On either side of Church of the Blessed Sacrament in Placentia, which is nearer to Anaheim, somewhere between 4,000 and 6,000 seniors have added their names to the list to be chosen by lottery to live at Santa Angelina, two senior housing complexes with 62 affordable units on the church’s property.

“There are a lot of people in Orange County forced to live with their children,” Tom Johnson, the church’s junior warden and long-time construction industry veteran, told ENS.

Blessed Sacrament operates a learning center for children ages 2 to 5. Bringing affordable housing for seniors into the mix expands the church’s mission and outreach to the community.

For Johnson, serving children and seniors represents the “simple fulfillment of Christ’s mission to put others before ourselves.”

“We have children, we have elderly people in need that are being taken care of,” he said. “The benefit for this congregation, for this church is that it starts with the children and ends with the adults’ well-being.”
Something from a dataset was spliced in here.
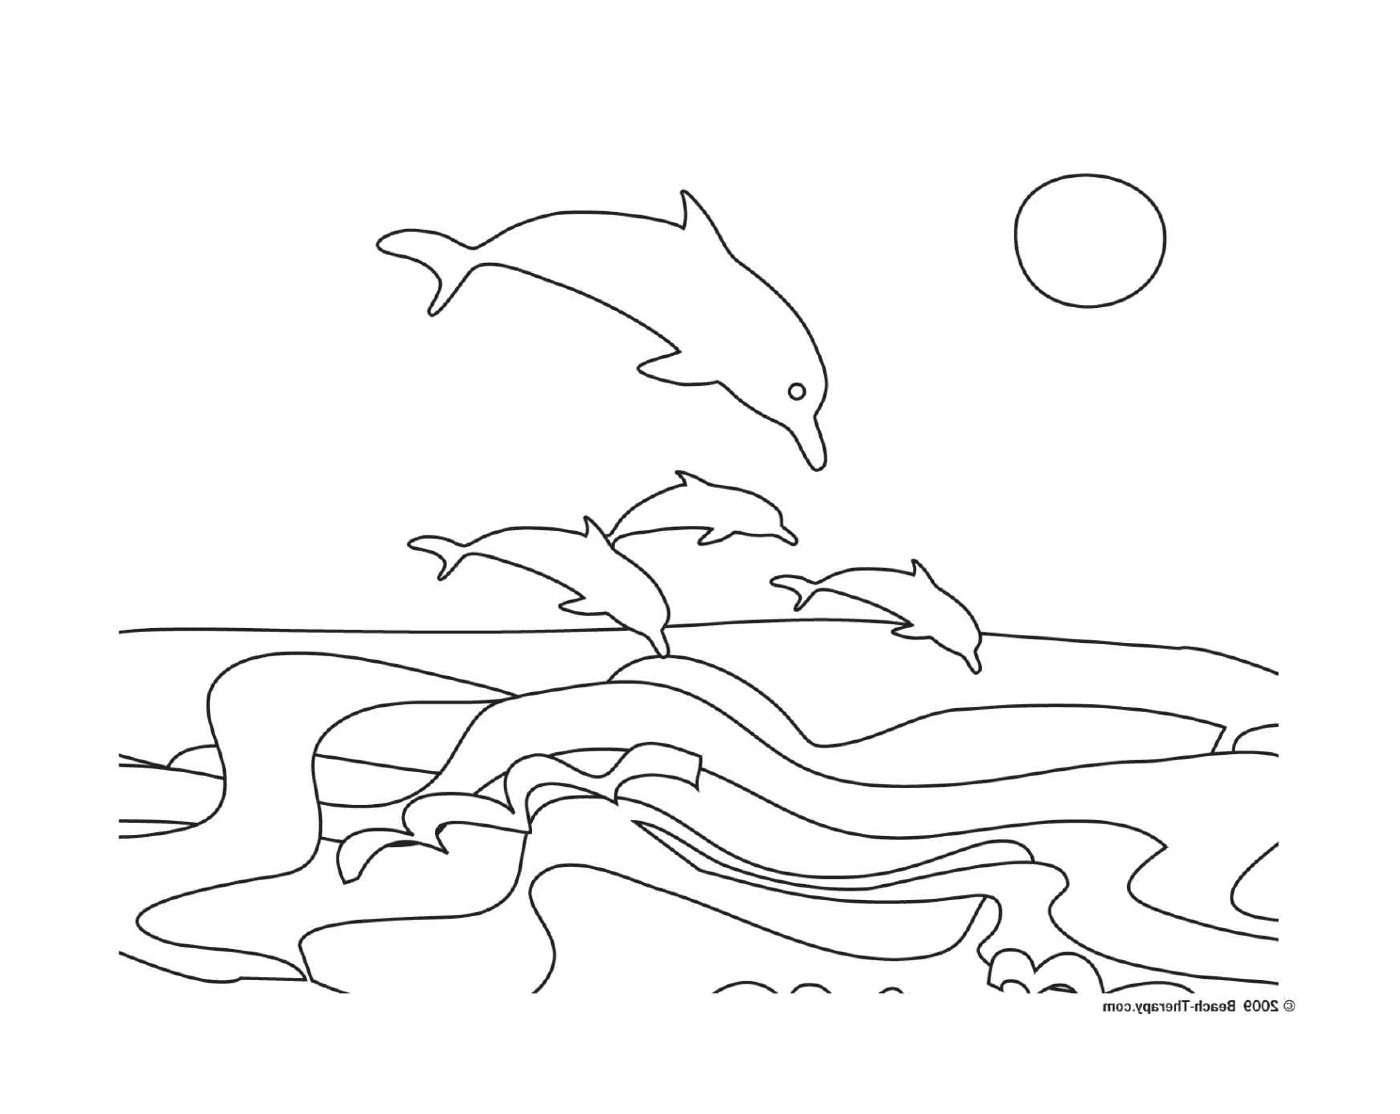  一群海豚从水中跳出来

When we talked to the vestry and the congregation, “Many could see themselves in that need,” senior warden Ned Bergert said.

“This is a ministry that we’re talking about. Senior citizens have such an incredible need for low-cost, affordable housing,” the Rev. Barrett Van Buren, Blessed Sacrament’s rector, said.

The project preceded Van Buren’s arrival at the church. “If it wasn’t for the leadership of these two men [Johnson and Bergert] and their countless hours and dedication, and the for the vision of the vestry …,” said Van Buren, in tears. “It takes a village.”

In August, groundbreaking took place for 66 senior apartments at St. Joseph’s in Buena Park. Orchard View Gardens will transform 1.76 acres of underutilized church land into apartment homes for seniors 62 and older who earn less than 60% of the area median income, with eight units reserved for seniors who have been homeless.

“St. Joseph’s has long desired to be part of the solution to Orange County’s housing shortage,” the Rev. Cindy Voien, St. Joseph’s rector, said at the groundbreaking. “Only adding housing stock at the affordable end of the range of rents can provide relief, and this is what our partnership is doing. We look forward to welcoming new neighbors right next to our church.”

At St. Peter’s Church in Rialto, a working-class exurb, the congregation’s dedication to affordable housing pre-dated the January 2022 arrival of the Rev. Jennifer Hughes, vicar.

“The community,” she said, “was clear in its vision all along that it was something they wanted to do.” At the time, however, to her understanding, the city’s low-density zoning ordinance hindered developers’ interests. That’s changed now, with the region’s increased sense of urgency. To Hughes’ knowledge, St. Peter’s is the only church in Rialto that’s working to become part of the city’s development plan. With the city’s and the diocese’s approval, Episcopal Communities & Services is working to find a development partner.

The congregation is “compassionate and caring,” Hughes said. “They see this project as extending that care to the larger community. They spent the early part of 2023 engaged in a weekly forum studying biblical acts of mercy: feeding the hungry, clothing the naked, caring for the sick. “[The forum] was a way of continuing to make a connection with what is a large administrative, bureaucratic project.”